Inadvertently born by Royal Decree and shaped by Acts of Parliament, British gin has an inextricable link with Westminster. We're very proud, then, to introduce our latest distillation - a special-edition gin handcrafted exclusively for the House of Commons.

When we were approached to produce a special distillation, exclusively for the House of Commons, we were thrilled by the opportunity: not only is it wonderful to see London-made gin being championed, but it has also given us the opportunity to dig through the history books (one of our favourite hobbies, to be sure).

Our Head Distiller, Jared Brown – a member of the Worshipful Company of Distillers – loves nothing more than hunting through newspaper clippings, out-of-print books and other historical records in the hopes of turning up cocktail lore and antique recipes, and this case was no different. And what he found was rather extraordinary: in 1736, even at the very height of the Gin Craze, he uncovered a reference to a special, parliamentary gin.

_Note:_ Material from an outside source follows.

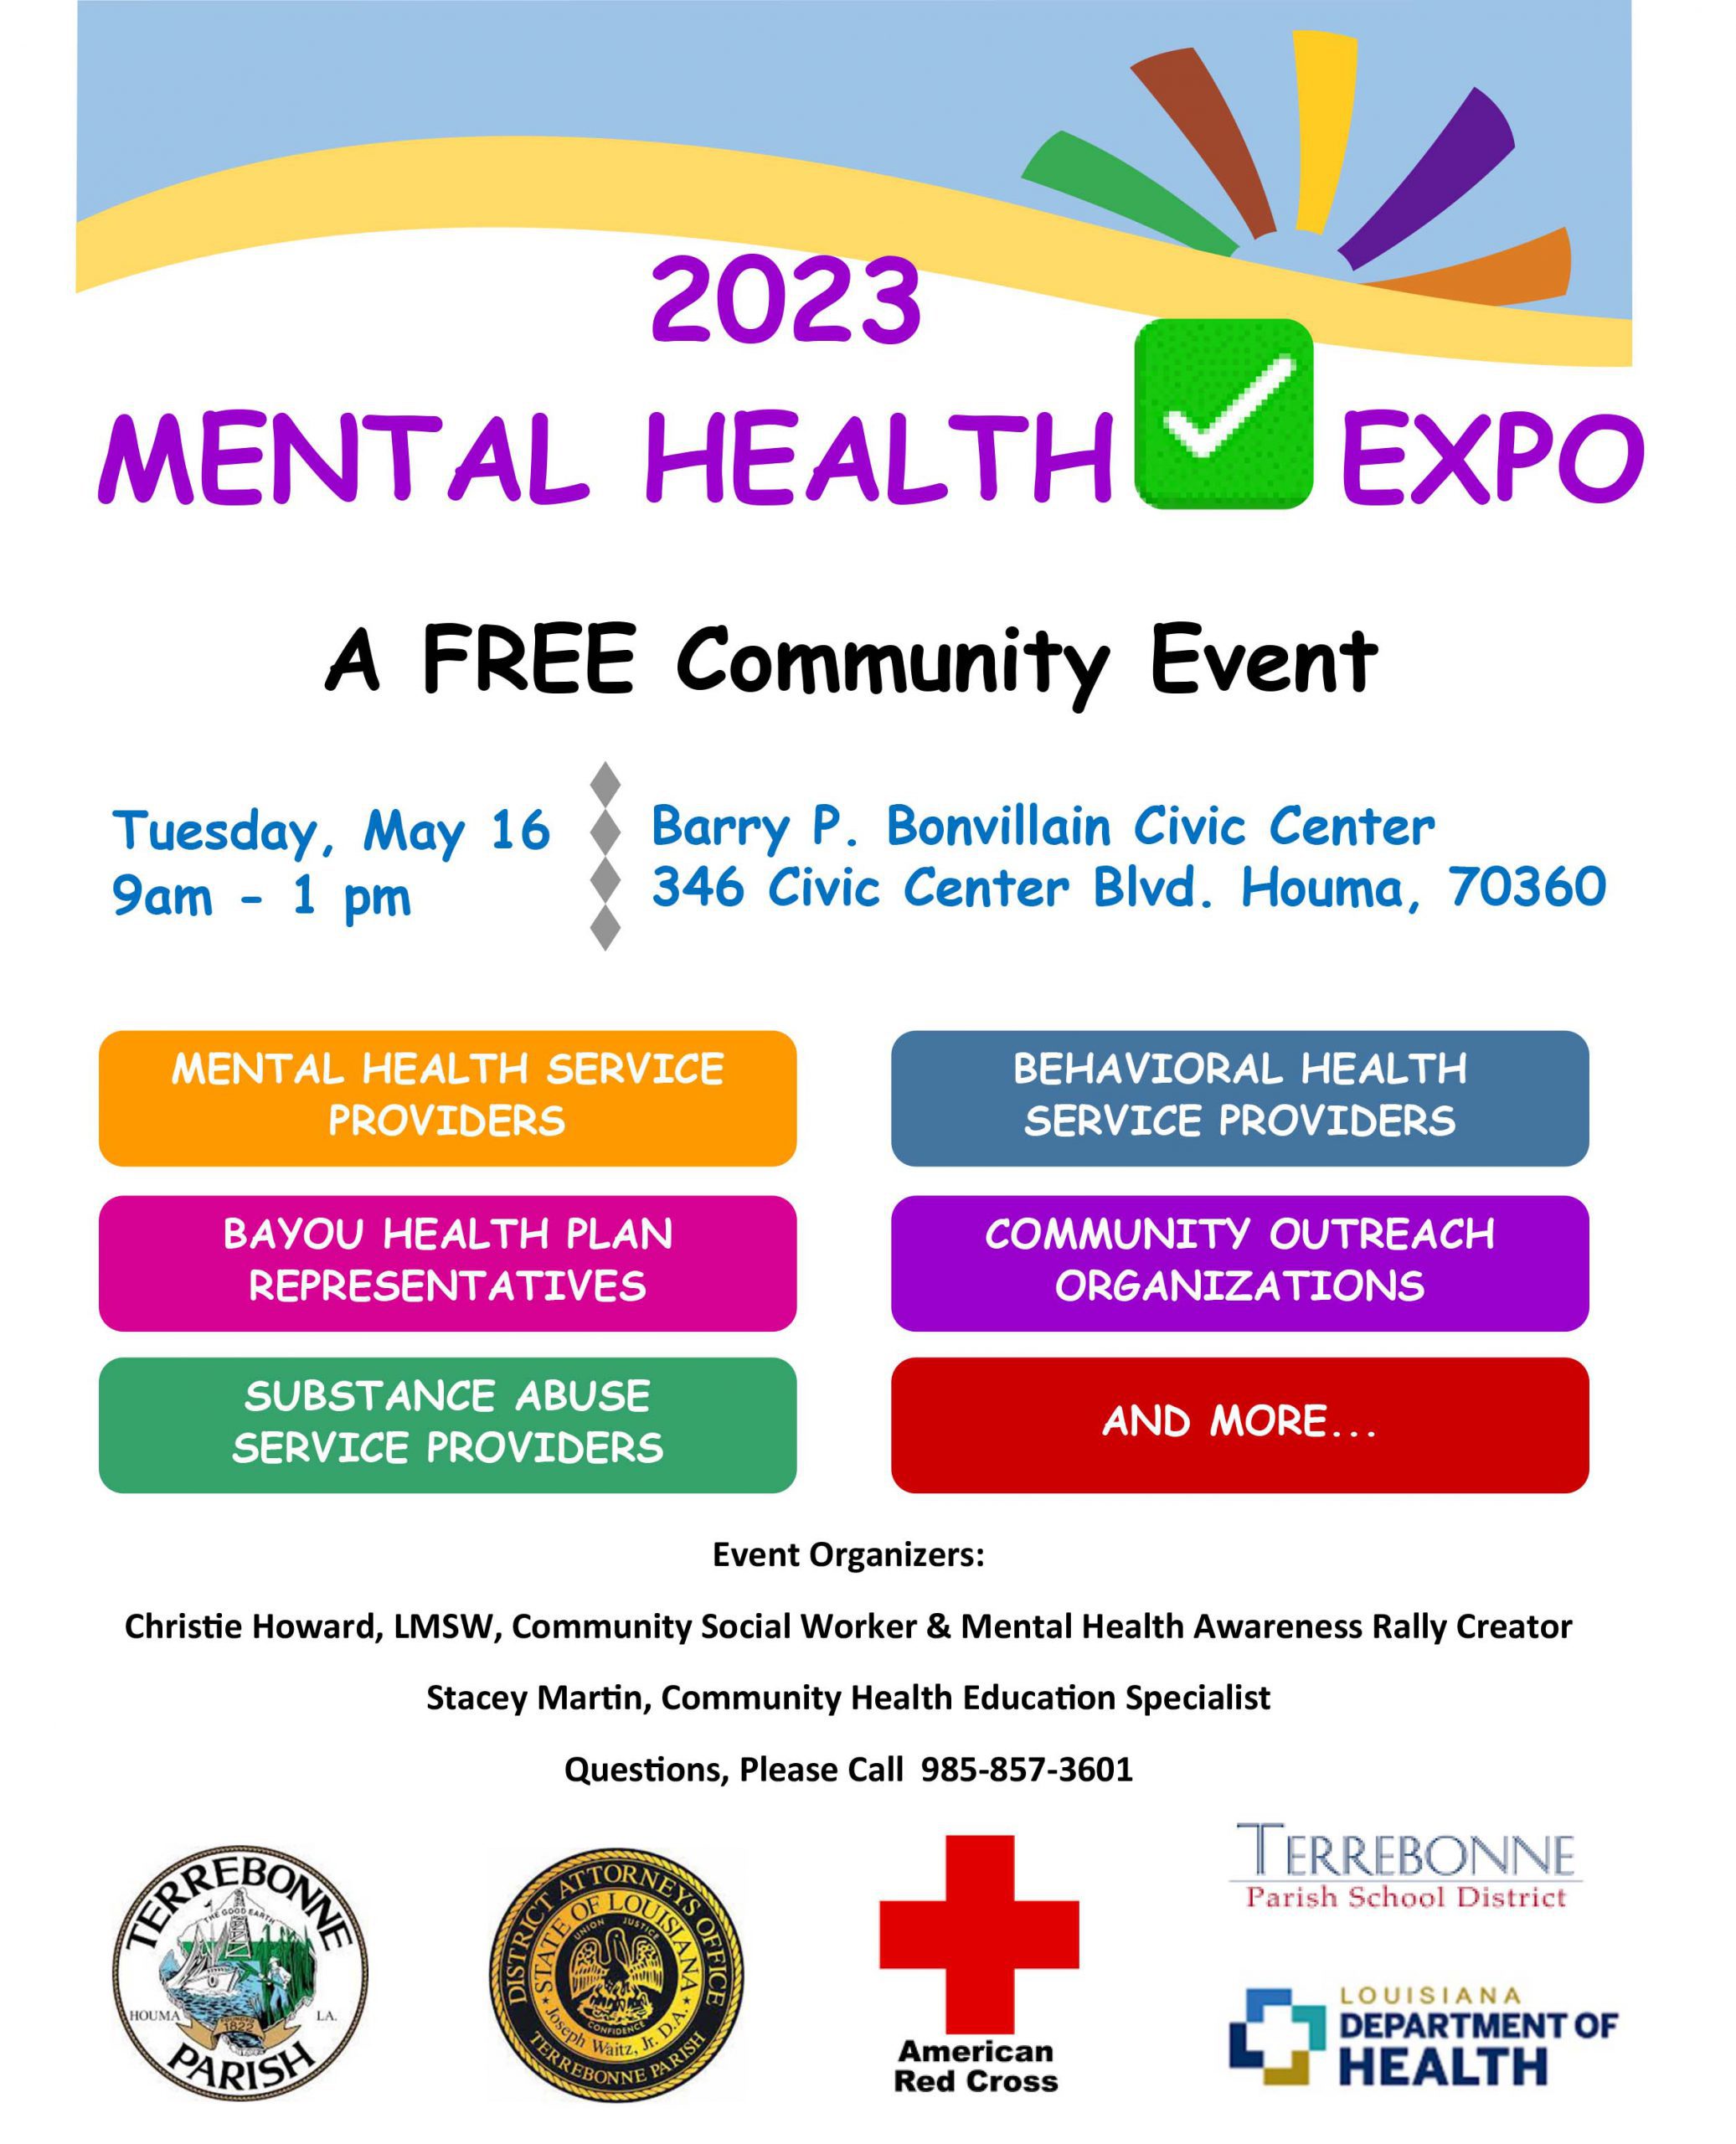 2023 Mental Health Expo - A free community event.

That historical link made, it was up to JB to craft a gin that represented a contemporary gin by way of the 18th century. But first, a quick history lesson:

For those who aren’t aware of gin’s rather regal origins, note that the spirit gained popularity beginning in 1689, during the reign of William and Mary. The monarchs quickly halted imports of French liquors and sought to encourage a domestic distilling industry when they came to the throne – both because there was plenty of excess grain after a successful harvest, and because they had rather an affinity for genever, gin’s Dutch progenitor. A royal decree that incentivised people to distil at home was wildly successful – by the 1730s, one in every four London homes was producing gin!

Gin certainly has a regal past, then, though its later evolution was shaped by several Acts of Parliament, initiated in the House of Commons. Five separate Acts, beginning in 1734, began to better regulate the spirit and calm the Gin Craze. They also paved the way for the birth of the so-called “gentlemen distillers” and larger distilleries, who focused on high-quality production methods and a new, less sweet version of the spirit – the birth of London Dry Gin, in other words.

Parliament is, then, deeply entwined with gin’s history. As a bonus historical fact – thanks for this one, JB – drinks aficionados might be even more surprised to learn that Westminster is where the word “cocktail” was first coined, too, with a first mention dating to 1798. Quite the trailblazers.

Handcrafted exclusively for the House of Commons, our brand new distillation is nothing short of an ode to the historic Acts that have helped gin blossom into what it is today. But this isn’t just a vestige from the past: instead, we’ve added our own Sipsmithian flair to the recipes of the era, serving up a London Dry style that boasts deep juniper notes and a heavenly citrus finish. A toast, then, to the House of Commons – long may gin reign in Westminster!